I replaced all the trim with the upper lever LTZ trim even went as far as replacing the solid grey trim around the gauges with the chrome trim from the LTZ.

The steering wheel is a flat bottom from a 2015 Camaro 1LE / ZL1. It's suede with stone stitching. 

The Shifter took a little bit to figure out. it's completely custom. As you can see from the pictures. The shifter boot is also from a 1LE camaro. Suede with stone stitching. 

The Shifter is actually from a 2015 Mustang GT. I purchased an entire shifter boot/knob from Ford OEM. I then cut the boot off of the chrome piece that lifts up as you put the car into reverse. I cut the chrome piece (which is actually plastic just like in the cruze) in half and took the original lift up plastic piece from the cruze and cut that in half as well. I then used a soldering Iron to merge the two halves together as you would with metal. This created a new lift up mechanism with the chrome upper trim from the mustang and the lower trim from the cruze. The knob had to be machined out to fit the spring the cruze uses to push the reverse collar back down.

If you were in my car you would see it looks perfectly stock and feels like it too. Very solid, much much better than original. 

If enough people cared how I did it, I'm sure I could take better pictures and do a write up.


----------



## carbon02 (Feb 25, 2011)

Leviathan21-

I've followed the Cruze and available North American factory options since 2011. I knew by looking that those cool color combinations didn't come on a Factory North American Model. 

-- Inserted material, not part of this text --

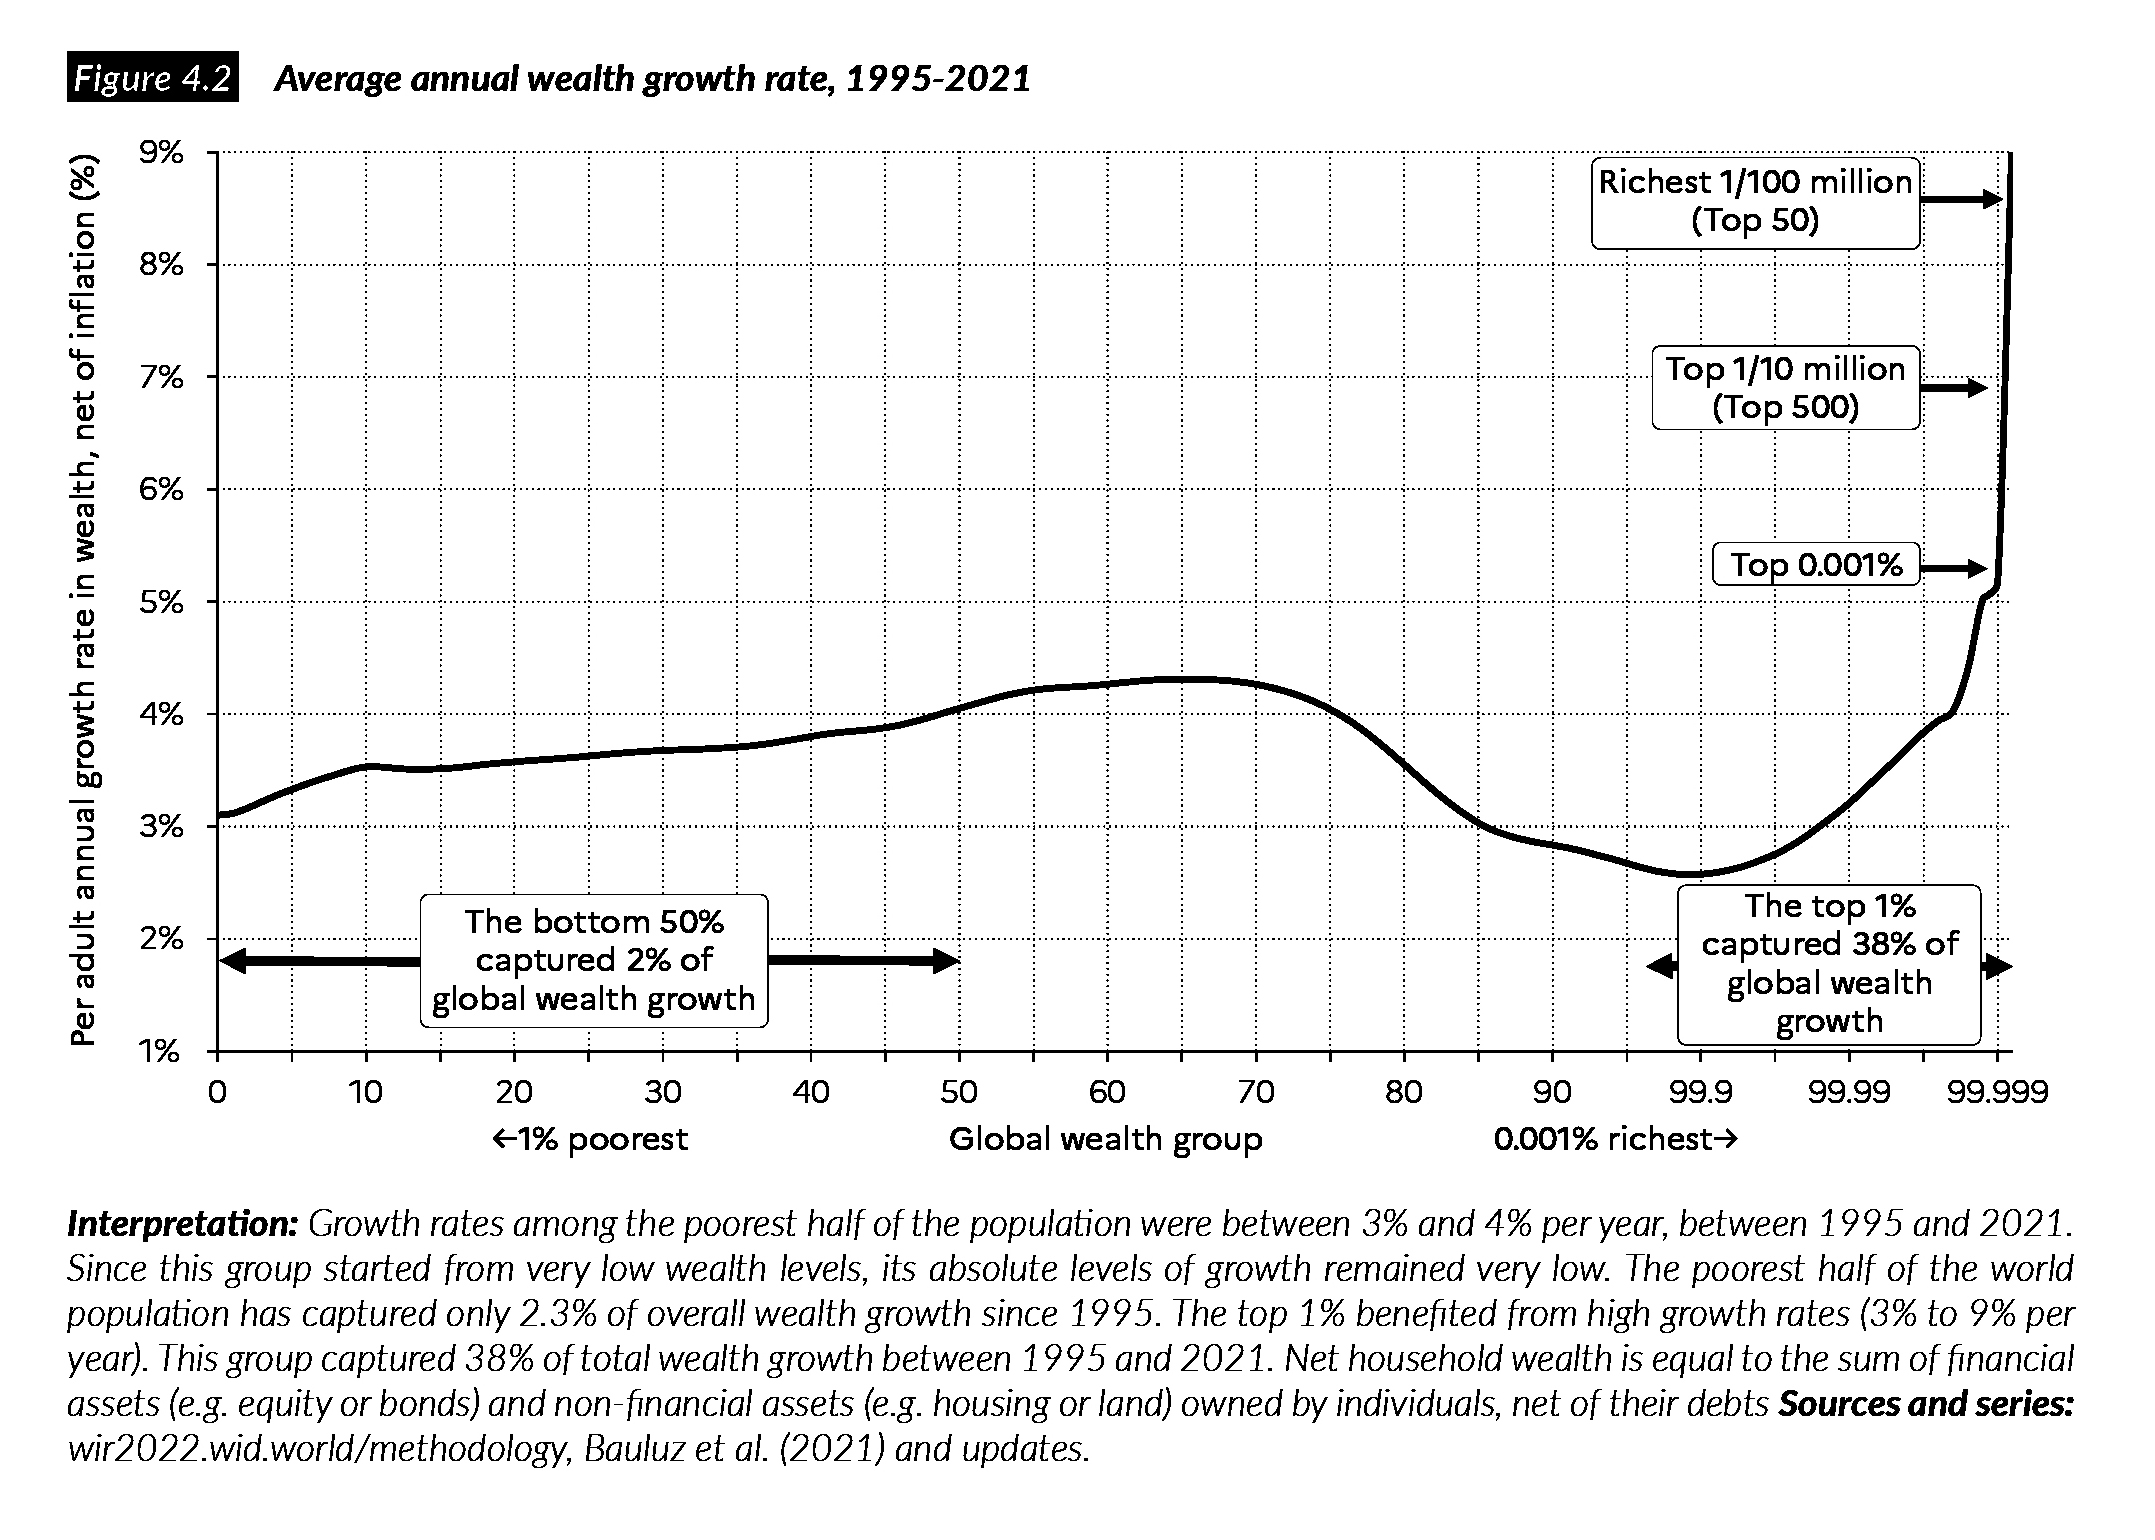 Chancel, L., Piketty, T., Saez, E., Zucman, G. et al. (2022). World Inequality Report 2022, World Inequality Lab. https://wid.world/news-article/world-inequality-report-2022/

It's very sharp. I like the two tone leather, and the stitching. It looks very classy and above factory. If someone didn't follow the Cruze factory interiors as close as a nerd like me, you would never guess that your's wasn't a special trim level! 

I'm guessing that maybe the Camaro wheel when installed in the Camaro is heated? If so were you able to get that figured out? I know the Verano has it, I think it would be a nice touch, but going based on what I've learned about Cruze Electrical wiring, I bet it's not anywhere near plug and play. 

I think you should start a new thead about your interior, and take a run at Cruze of the Month.. While there's been others that have done interior seats, and some that have done door panel/dash panel inserts. I think your the first with that shifter. 

At first I thought you were one of the posters to this forum from outside North America, with an Asian built Cruze. 

I spent two months in Thailand. They really get into car modifications. And often times have more unique aftermarket parts. I'll never forget the $100,000 USD Mercedes on jack stands. Two local Thai men under it crawling around. They custom fabricated the resonators and mufflers out of electropolished 316 stainless steel sheet, bent, rolled, welded and buffed. Amazing what that little car shop did every morning as I walked to work. Amazing work for a $100 bucks.


----------



## cristo111 (May 19, 2017)

*2011 Chevy Cruze armrest recovering*

I just went through this with my 2011 Cruze LTZ and I ran into a few problems but once I figured it out, it was quite easy! All you need to do this job is 1) a Philips screw diver (preferably a magnetic one, as I dropped 2 screws before I thought of it and they were hard to find), 2) a can of Loctite spray adhesive 3) a pair of scissors or I used a razor knife and 4) clamps to hold the leather in place once you've glued it (I found 8 of them at a dollar general store for 2 bucks). There is no need to take the hinge off, just open the lid and remove the 6 screws on the bottom and slide it up and out of the way. Next there are 4 smaller screws in the middle of the lid, this is the stop that prevents your lid from sliding off. ( I've had this car since 2011 and I never even knew that the cover slid forward and I bet there are a lot out there that don't!) Under the stop there is 2 gears that ride on the slide, I got them out by first emptying the console and gently slamming the lid closed a few times. Now the lid will slide all the way off! There are 6 more screws that hold the tray directly beneath the cover that also need to be removed. then after trying on the new cover on to see which way it went, I sprayed just the bottom of it first and then positioned it by pulling it from the corners and sides, then I clamped it in place to hold it for 10 minutes and by the way I did not remove the old cover as this gives it more cushion. I then sprayed one side at a time and clamped them and let them set for 10 minutes each. Then do the back and front the same way but with the front I had to take it back off and cut the leather behind the latch away because this was making it hard to open the lid after I installed it, with that piece gone it works fine and I'm completely satisfied with the job.
I hope this helps some of you out, I wish someone had posted it a long time ago!!!:tongue:


----------